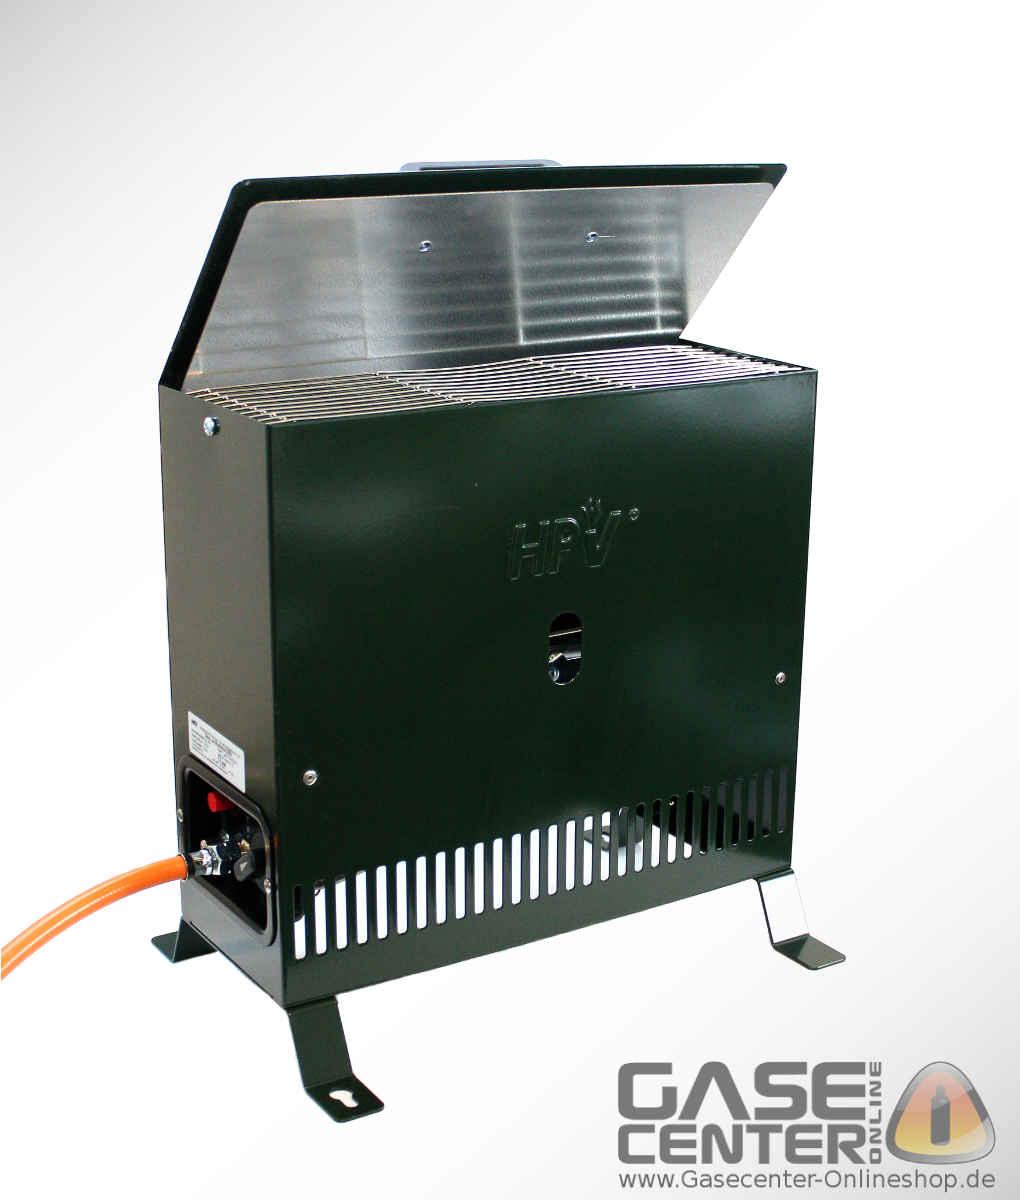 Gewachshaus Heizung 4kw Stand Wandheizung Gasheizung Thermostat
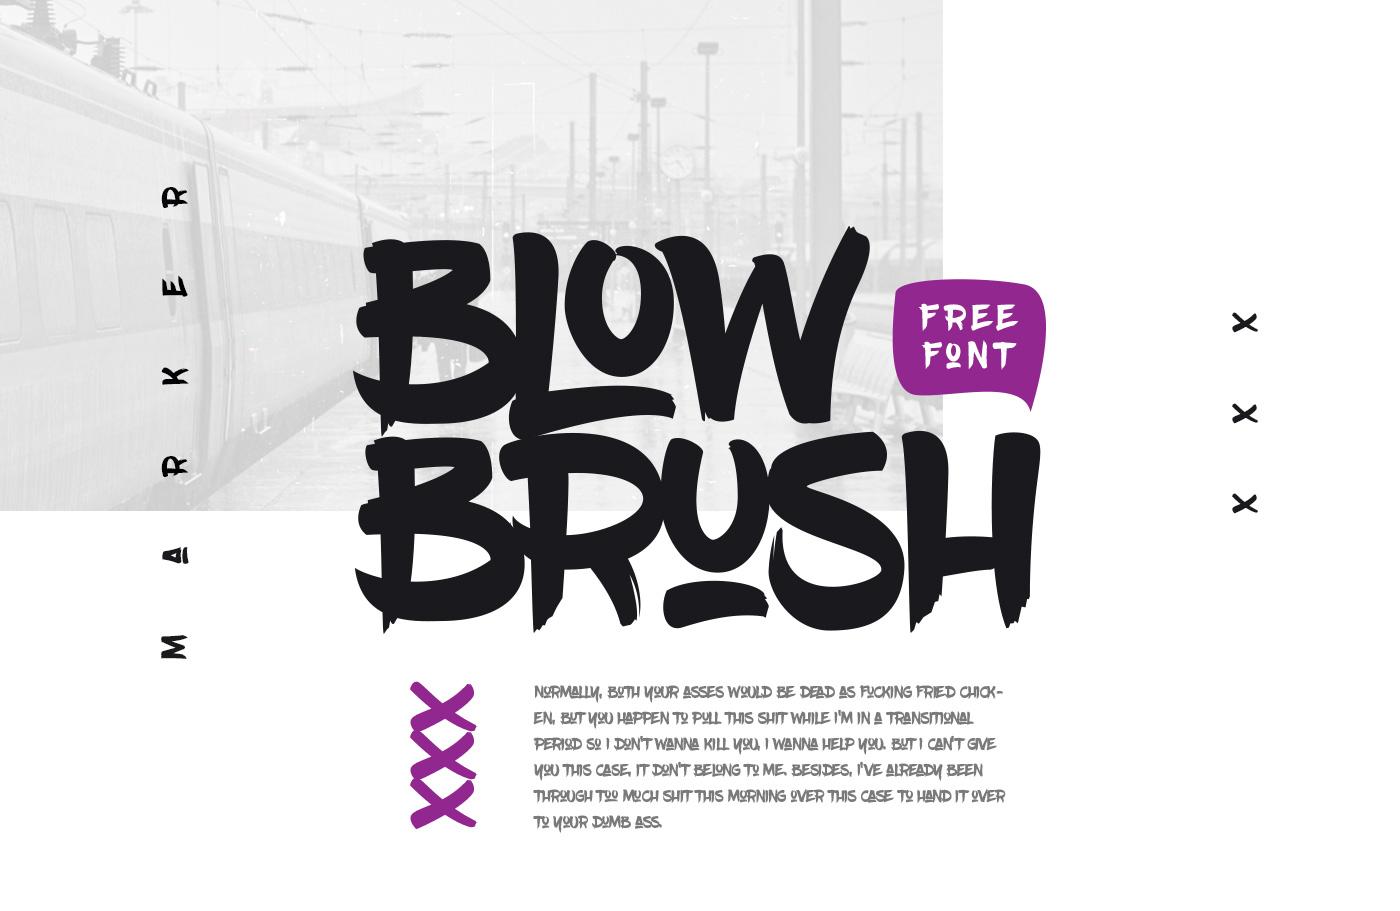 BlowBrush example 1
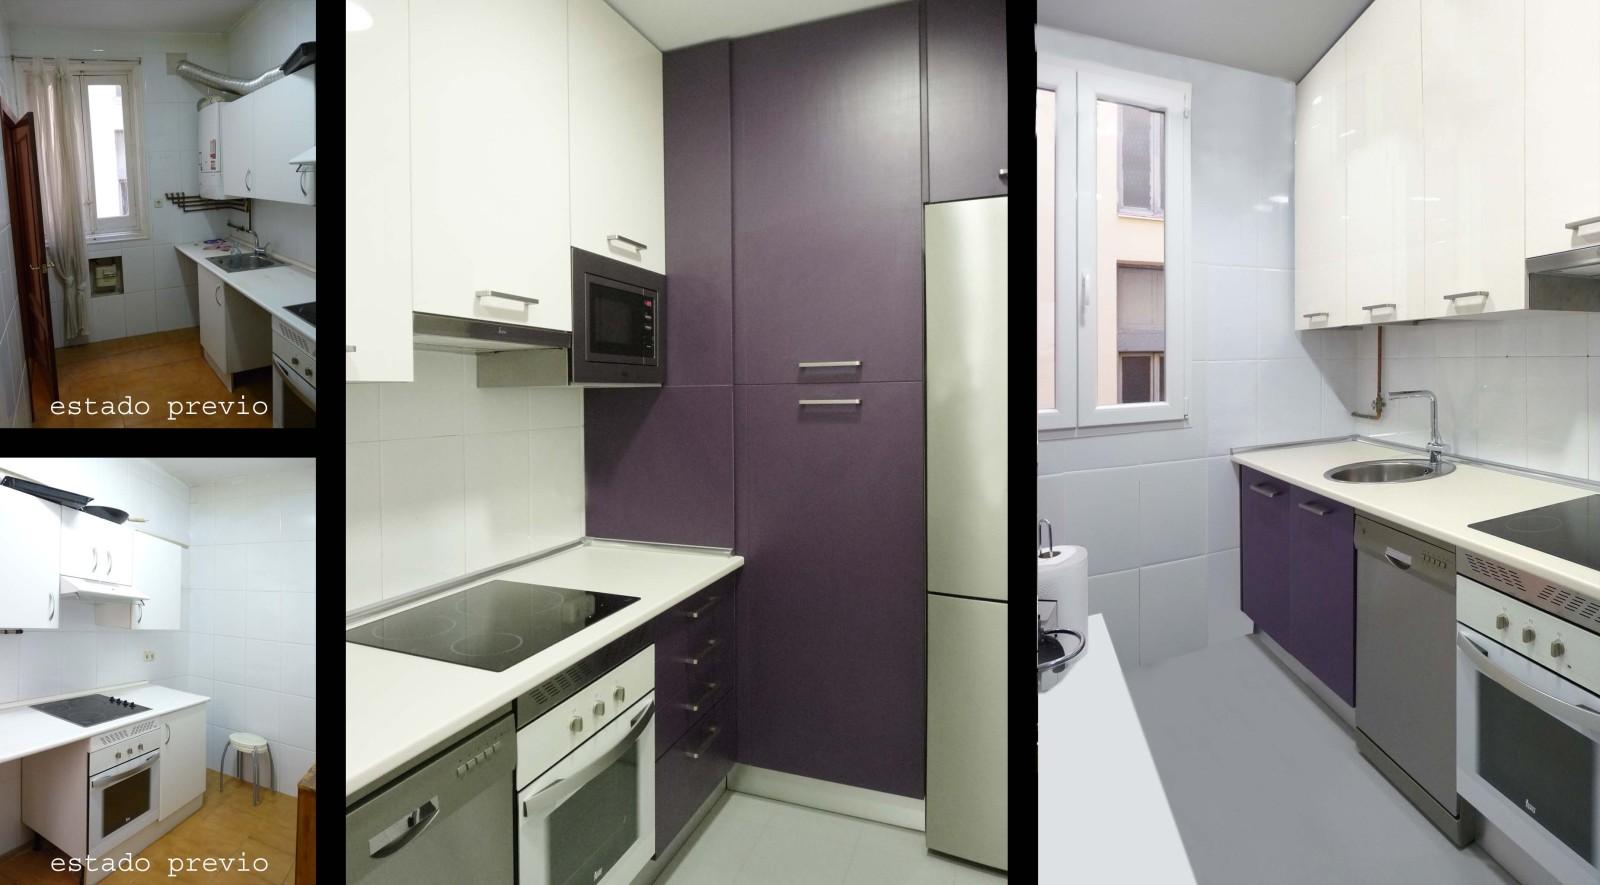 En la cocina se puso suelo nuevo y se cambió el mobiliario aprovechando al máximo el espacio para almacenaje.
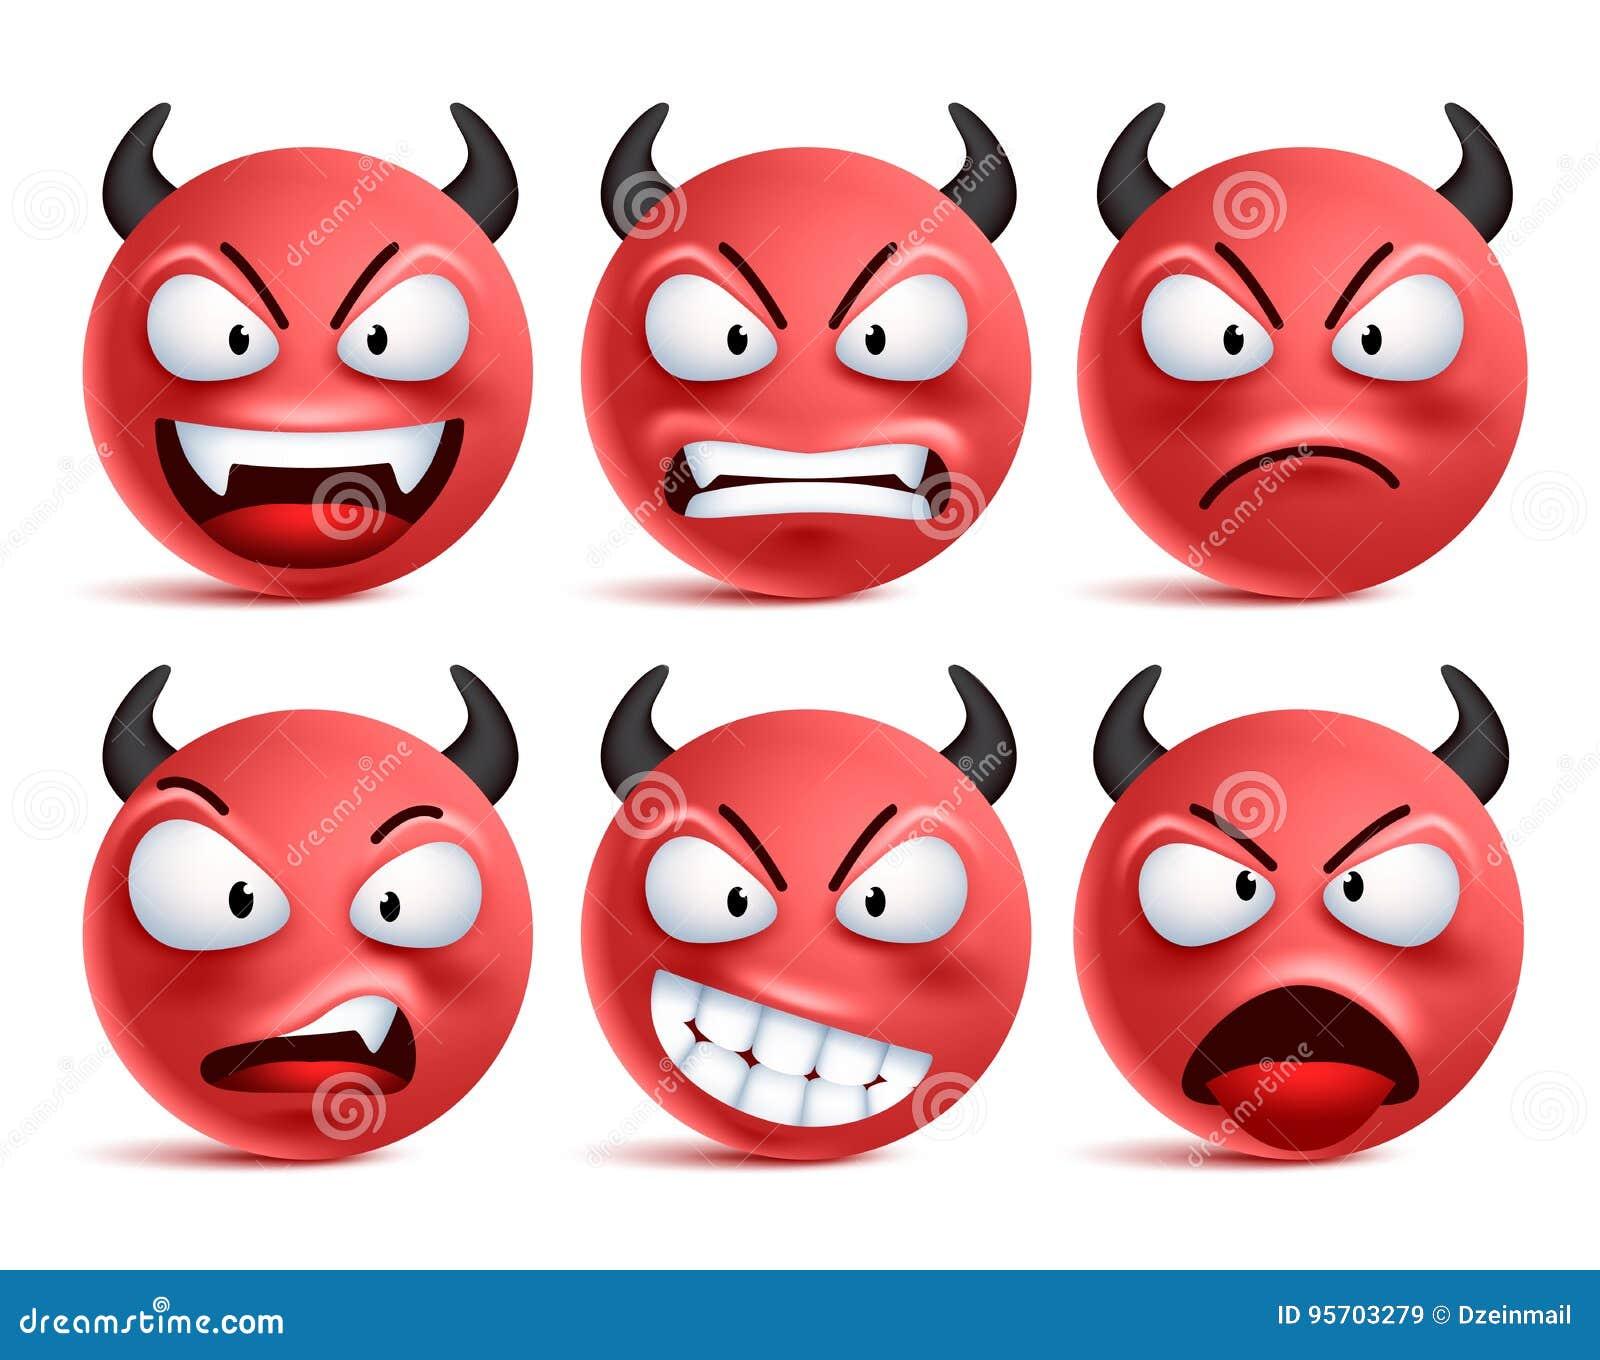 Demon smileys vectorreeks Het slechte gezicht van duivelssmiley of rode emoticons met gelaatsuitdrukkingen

Exercise prompt →
The material must be returned exactly, with its pictures omitted.

Output →
 Gewachshaus Heizung 4kw Stand Wandheizung Gasheizung Thermostat
 BlowBrush example 1
 En la cocina se puso suelo nuevo y se cambió el mobiliario aprovechando al máximo el espacio para almacenaje.
 Demon smileys vectorreeks Het slechte gezicht van duivelssmiley of rode emoticons met gelaatsuitdrukkingen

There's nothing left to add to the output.